LINCOLN — A car borrowed from a friend of a friend led to a University of Nebraska-Lincoln faculty member being detained for nearly two weeks after chaperoning a study abroad trip to China, UNL authorities said Tuesday.
Weixing Li returned to the United States on Saturday, 11 days after he was supposed to have met his vacationing wife and child in Alaska. He is not granting interviews about his experience and told his story to UNL communications officials Monday.
Li, a China native who is an assistant professor of practice in management in UNL's College of Business Administration, finished a study-abroad trip to China with 17 students and a graduate assistant on June 2.
Seven of the students then left China, while Li helped 10 others get settled into three- to four-week internships at businesses in Beijing and Shanghai.
Before his scheduled June 12 return to the U.S., he borrowed a car to visit and clean his father's grave in Tangyin, a town in the Henan Province. He had promised his mother that he would complete the ritual performed by sons in China. He set off on the 350-mile trip from Beijing to Tangyin on June 6.
Things went awry when he stopped at a routine police checkpoint about 15 miles outside of Tangyin. Police found a medical kit in the car trunk that contained pharmaceuticals for which Li did not have a required license.
After much discussion, the authorities took Li to a facility about 90 minutes away. They took his watch, passport, personal papers and cellphone, and he was fingerprinted.
Li said he was not mistreated, but it was clear he could not leave.
“I was not free,” he said in an interview with UNL communications. “I cannot just walk out.”
Li said he was always watched. He was allowed to call his sister three times and his wife twice, but he had to follow a script approved by authorities. He was not allowed to tell his family that he had been detained because authorities said his family might interfere in the investigation. Neither was his name placed on an official detention or arrest list, which would have helped his family learn of his whereabouts.

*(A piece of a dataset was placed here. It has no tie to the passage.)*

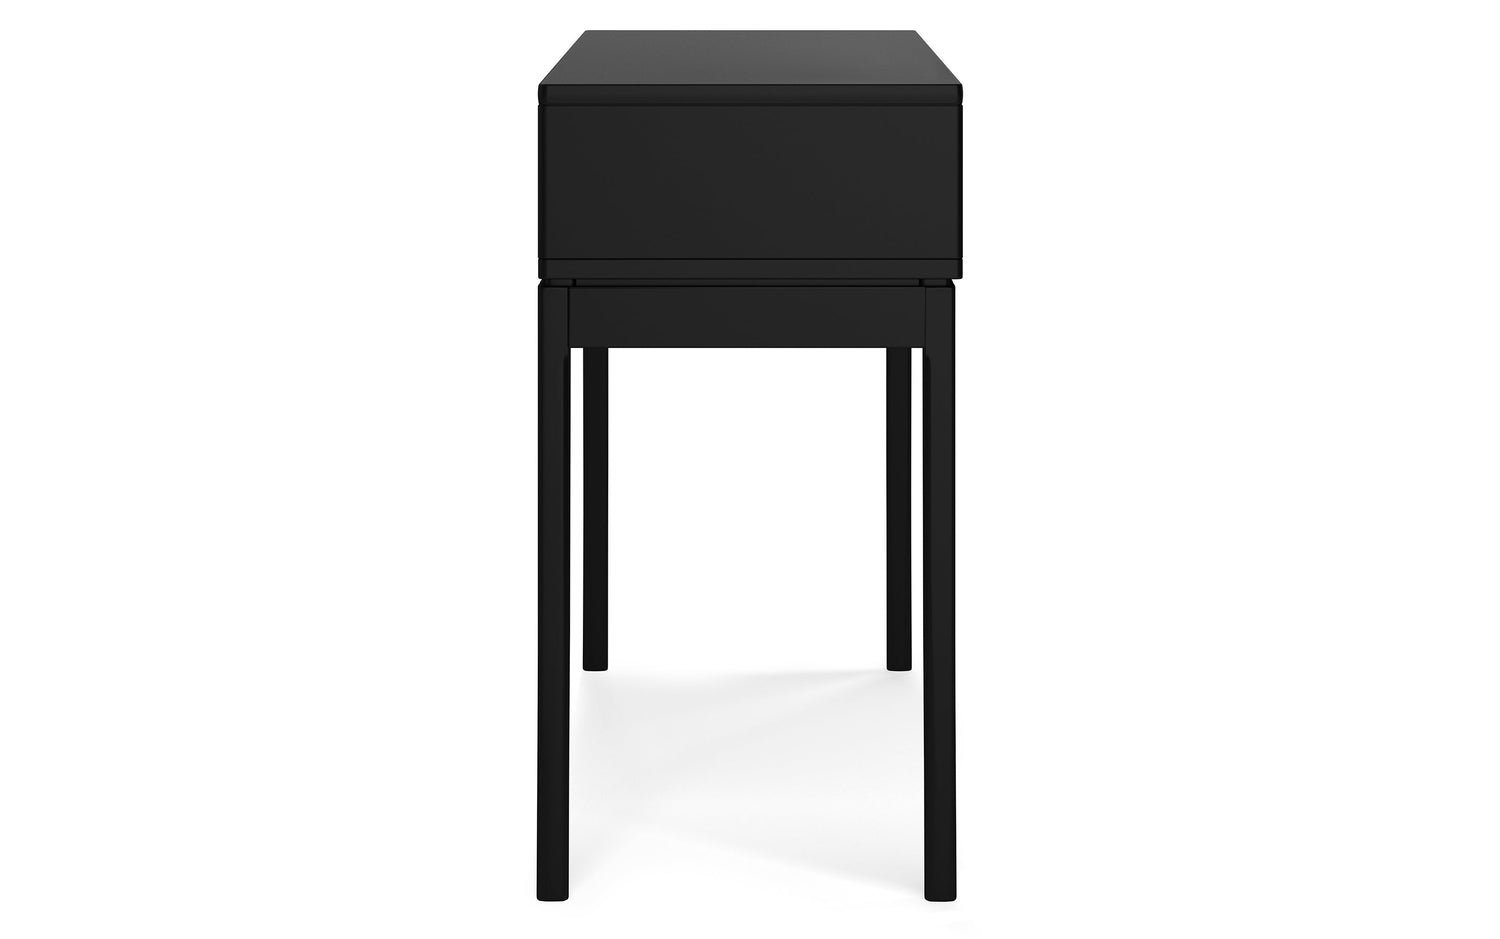  Black | Harper 54 inch Console Sofa Table

After authorities learned the car's owner had the documentation that allowed him to legally transport the medical supplies, the authorities focused on Li's background. Eventually, they simply released him.
“They told me my story checked out and I could go,” Li said.

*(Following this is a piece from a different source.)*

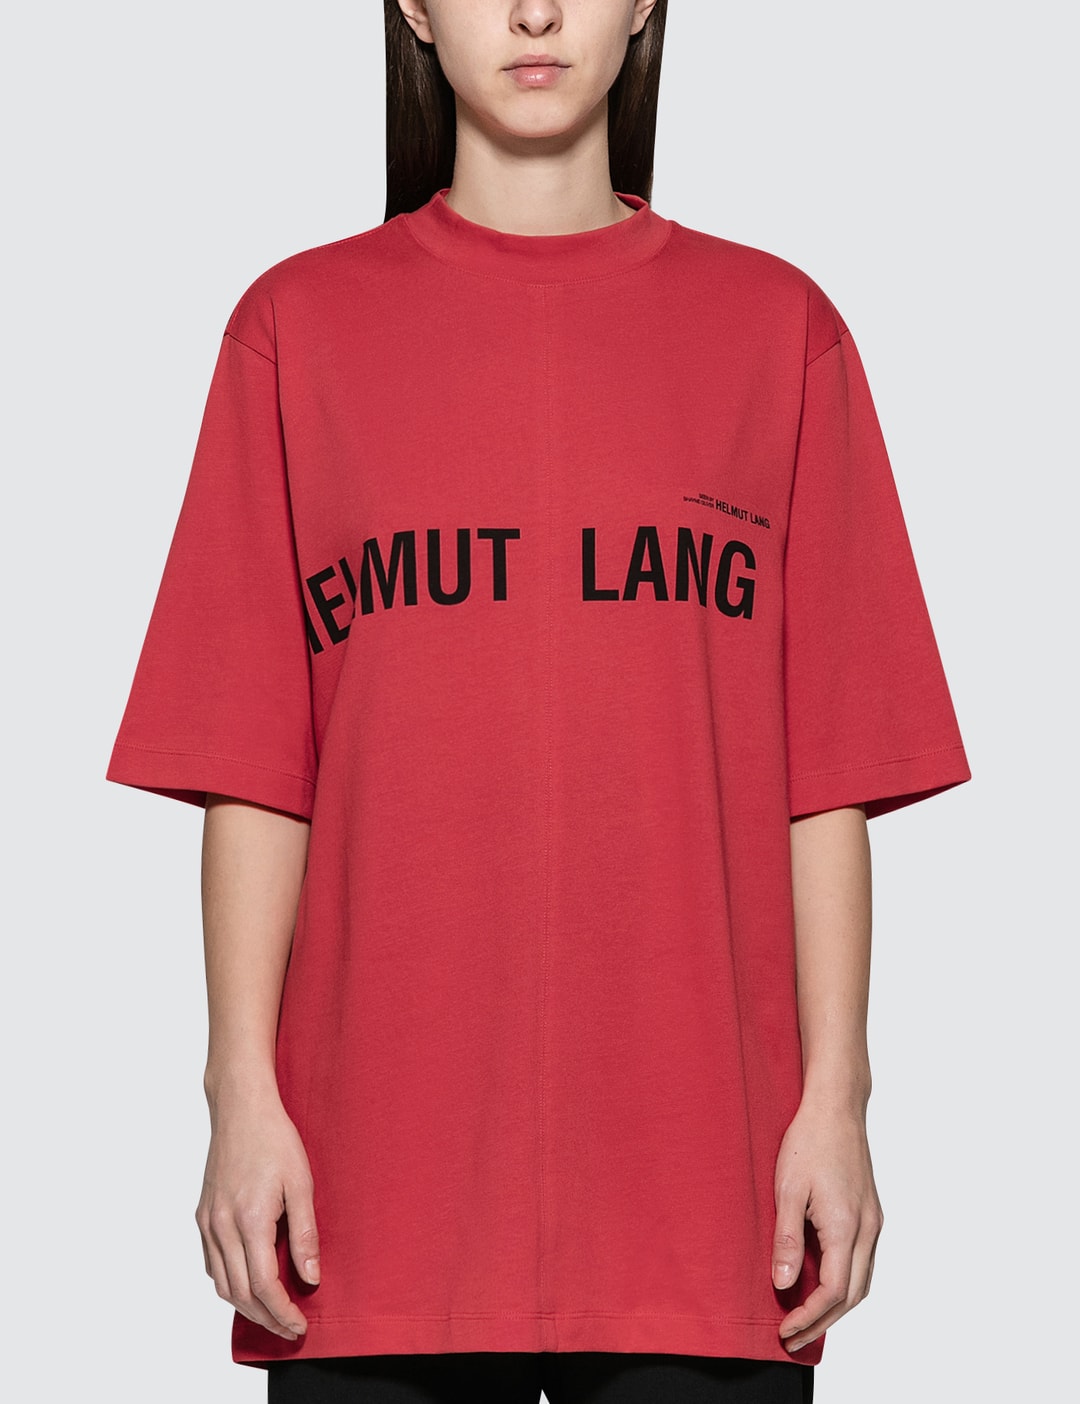 Helmut Lang - Campaign PR S/S T-Shirt

Li said he never was arrested, but remained in police custody from about 6 p.m. June 6 until 9 a.m. June 20. After being released, he continued his journey to sweep his father's grave and returned to Beijing.
Li said he never feared that he would not be released. “I know I am not a bad guy,” he said, adding that he believed the incident was complicated by the fact that it took place in a rural area where the laws are followed only vaguely and communications are difficult.

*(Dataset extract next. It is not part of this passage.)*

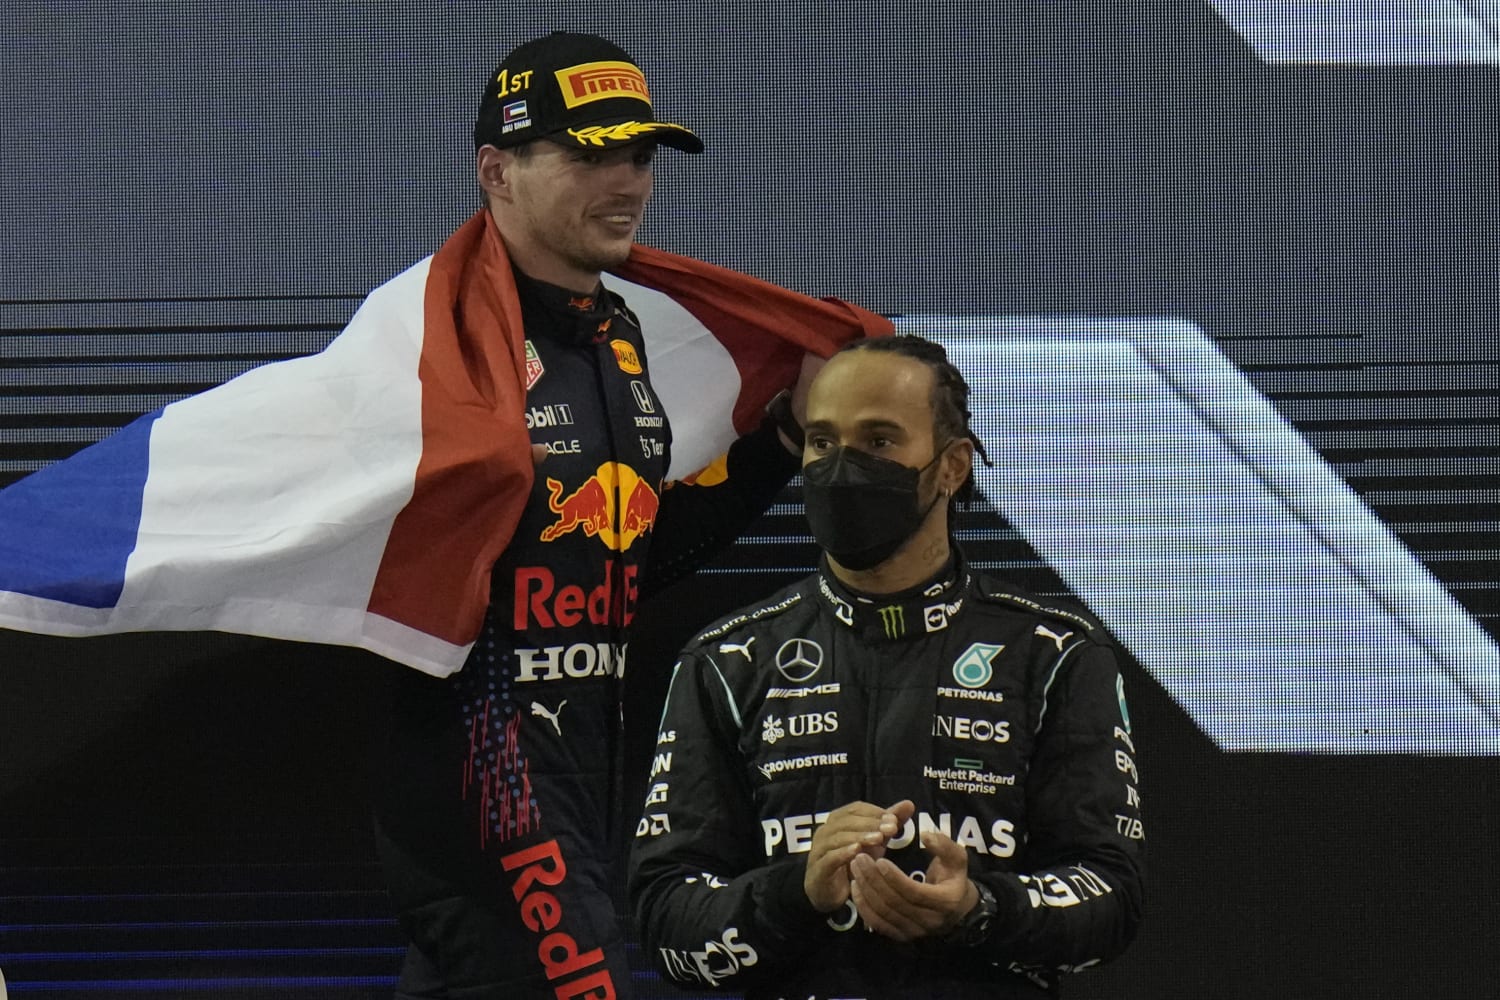 Verstappen wins 1st Formula 1 title with last lap pass of Hamilton

However, he did worry about his family and his students, who probably were trying to contact him.
Li has led study-abroad trips to China for about five years. He has lived in the United States for 12 years and holds a “green card” as a permanent resident. He visits China twice a year.
He stressed that his students were never under any threat or danger.
“They may have been worried about me, but their safety was not in danger,” he said.
“What happened to me had nothing to do with UNL or the study-abroad program.”
David Wilson, UNL's senior international officer, said the university community is relieved by Li's safe return.
“We remain committed to study abroad, China and faculty and student safety,” he said.
“There are few better tools than study abroad to help students understand the world and its people in all of their variety.”
UNL officials stressed that Li's study-abroad duties had ended before the incident, but that the university is always reviewing ways to improve study abroad and ensure student safety.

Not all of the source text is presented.